Stringer has been a designer at Apple since 1995. He and Richard Howarth were the top contenders to take over the design studio when Ive was promoted to Chief Design Officer. Howarth got the job two years ago.

It’s unclear if the 52-year-old Stringer is retiring after making boatloads of money as one of Ive’s right-hand men, or if he’s moving to another company. Apple declined to comment.

How important was Christopher Stringer to Apple design?

Cult of Mac founder Leander Kahney wrote a short biography of Stringer when he researched the design team for his book, Jony Ive: The Genius Behind Apple’s Greatest Products. An excerpt can be read below:

“Christopher Stringer, born in Australia in 1965, had been raised in the North of England. He attended North Staffordshire Polytechnic in Stoke-on-Trent and graduated from London’s Royal College of Art in 1986. A veteran of IDEO — hired in 1992, he helped develop Dell’s design language and won an ID Design Review award for an innovative light switch — he was recruited by Jony in 1995 as a Senior Industrial Designer.

Stringer worked on the early PowerBooks and tower computers. Over the next seventeen years, he would be involved in all the major releases (including the iPhone), peripherals, and in even smaller projects, like the design of product packaging. He was also the first designer to give testimony at the Apple-Samsung trial, where, according to Reuters news service, “Stringer looked every inch the designer with his shoulder-length hair, salt-and-pepper beard, wearing an off-white suit with a narrow black tie.” Stringer was often seen at Apple launch events talking side-by-side with Jony. The impression they are close friends is enhanced by their shared history; both hail from Staffordshire and studied in the north of England.

Jony’s ID group has become a tightly knit team, as many of them have worked together for decades. They no longer design Apple’s products alone, but each product has designated a design lead, the designer who does most of the actual work, plus one or two deputies.

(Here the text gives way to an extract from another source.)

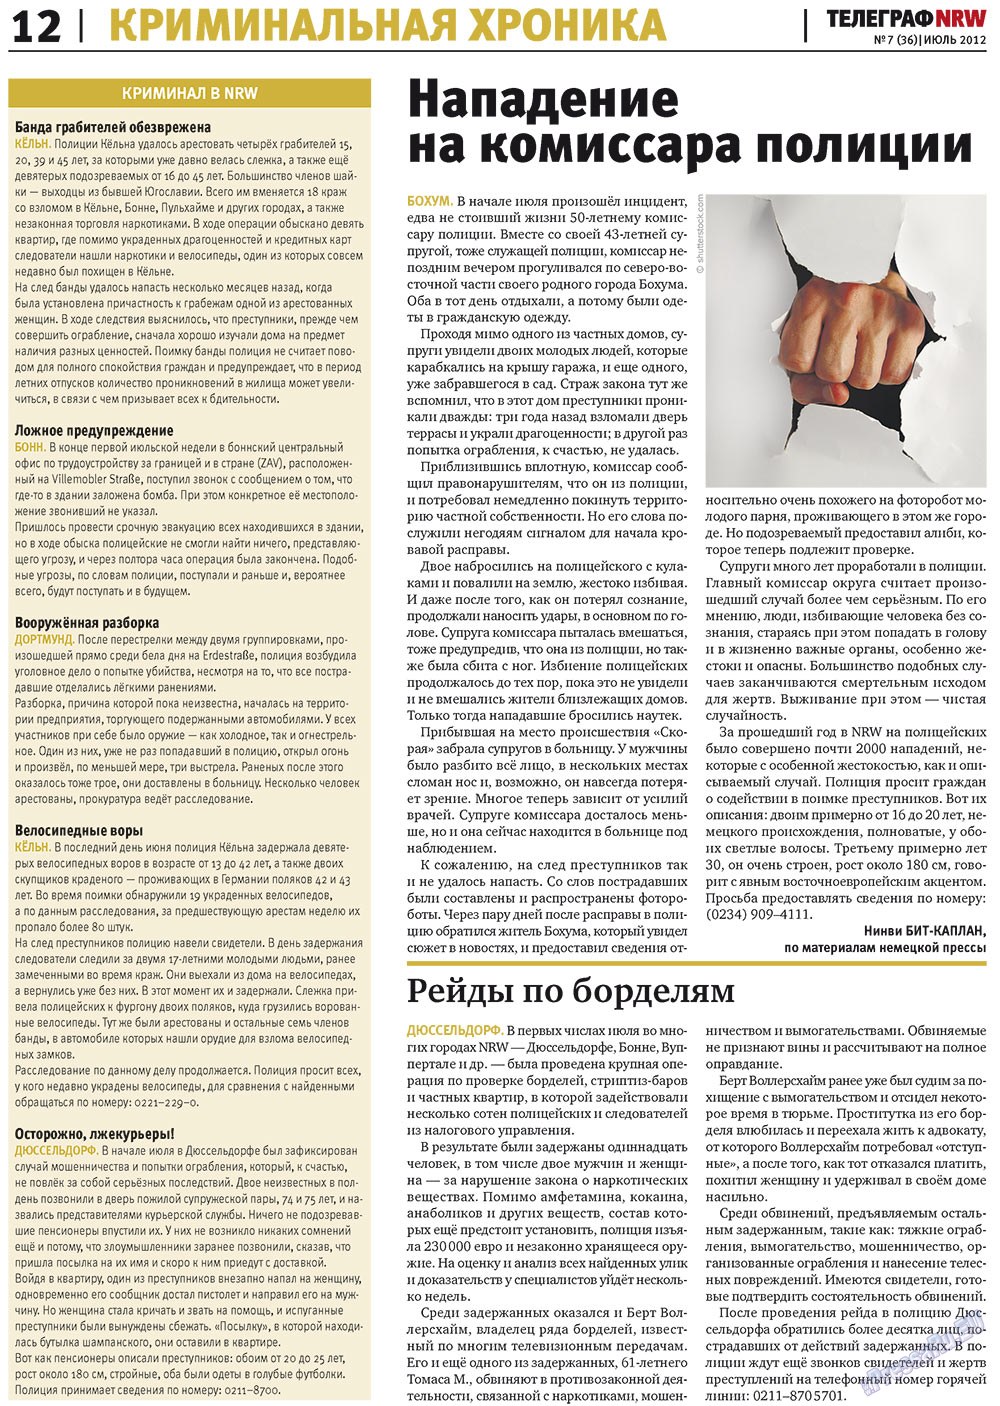 Телеграф NRW (газета). 2012 год, номер 7, стр. 12

Stringer describes the role of an industrial designer at Apple as “to imagine objects that don’t exist and to guide the process that brings them to life. And so that includes defining the experience that a customer has when they touch and feel our products. It’s managing the overall form and the materials, the textures, the colors. And it’s also working with engineering groups to, as I say, bring it to life, to bring it to the market and to building the craftsmanship that it absolutely needs to have to have that Apple quality.”